Date: Mon, 02 Jun 2025 16:09:42 +0100	[thread overview]
Message-ID: <87h60y41u1.fsf@draig.linaro.org> (raw)
In-Reply-To: <CAJHT5-JwrQ31MEKKSNL-E0RPm+cg7UOiqzV5cPL-mnTOPa7eUA@mail.gmail.com> (Jon Wilson's message of "Mon, 2 Jun 2025 13:02:08 +0100")

Jon Wilson <jonwilson030981@googlemail.com> writes:

(Adding Richard, the TCG maintainer to CC)

> I am attempting to optimize some TCG code which I have previously written for
> qemu-libafl-bridge (https://github.com/AFLplusplus/qemu-libafl-bridge), the 
> component used by the LibAFL project when fuzzing binaries using QEMU to 
> provide runtime instrumentation. The code is used to write additional TCG into 
> basic blocks whenever a load or store operation is performed in order to provide
> address sanitizer functionality.

I would like to figure out if we can push any of this instrumentation
into TCG plugins so you can avoid patching QEMU itself. I guess you need
something that allows you to hook a memory address into some sort of
gadget?

> Address sanitizer is quite simple and works by mapping each 8-byte region of
> address space to single byte within a region called the shadow map.
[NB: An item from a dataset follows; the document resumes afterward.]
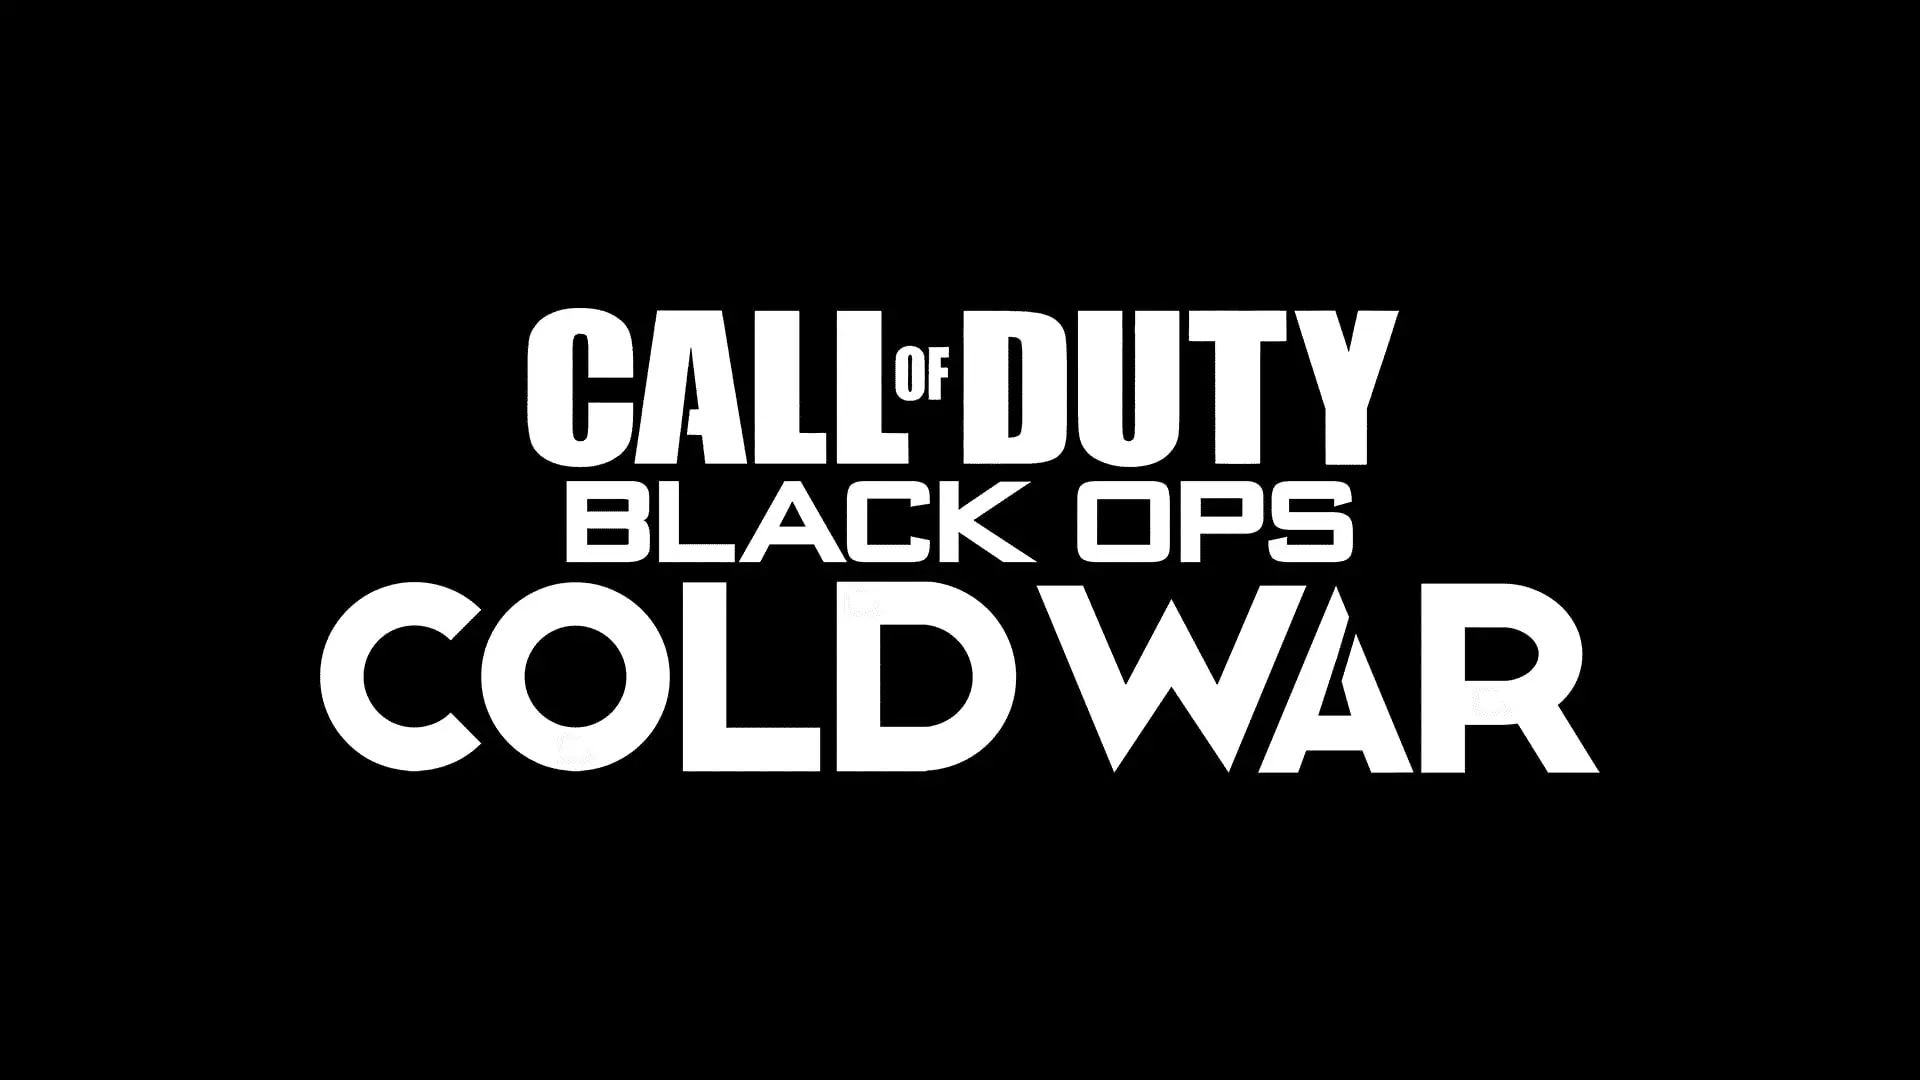 call of duty: black ops cold war prices

The address
> (on a 64-bit platform) of the shadow map for a given address is:
>
>     Shadow = (Mem >> 3) + 0x7fff8000;
>
> The value in the shadow map encodes the accessibility of an address:
>
>     0  - The whole 8 byte region is accessible.
>     1 .. 7 - The first n bytes are accessible.
>     negative - The whole 8 byte region is inaccessible.
>
> The following pseudo code shows the algorithm:
>
> ////////////////////////////////////////////////////////////////////////////////
>
> https://github.com/google/sanitizers/wiki/addresssanitizeralgorithm
>
> byte *shadow_address = MemToShadow(address);
> byte shadow_value = *shadow_address;
> if (shadow_value) {
>   if (SlowPathCheck(shadow_value, address, kAccessSize)) {
>     ReportError(address, kAccessSize, kIsWrite);
>   }
> }
>
> // Check the cases where we access first k bytes of the qword
> // and these k bytes are unpoisoned.
> bool SlowPathCheck(shadow_value, address, kAccessSize) {
>   last_accessed_byte = (address & 7) + kAccessSize - 1;
>   return (last_accessed_byte >= shadow_value);
> }
>
> ////////////////////////////////////////////////////////////////////////////////
>
> My current implementation makes use of conditional move instructions to trigger
> a segfault by way of null dereference in the event that the shadow map indicates
> that a memory access is invalid.
>
> ////////////////////////////////////////////////////////////////////////////////
>
> #if TARGET_LONG_BITS == 32
> #define SHADOW_BASE (0x20000000)
> #elif TARGET_LONG_BITS == 64
> #define SHADOW_BASE (0x7fff8000)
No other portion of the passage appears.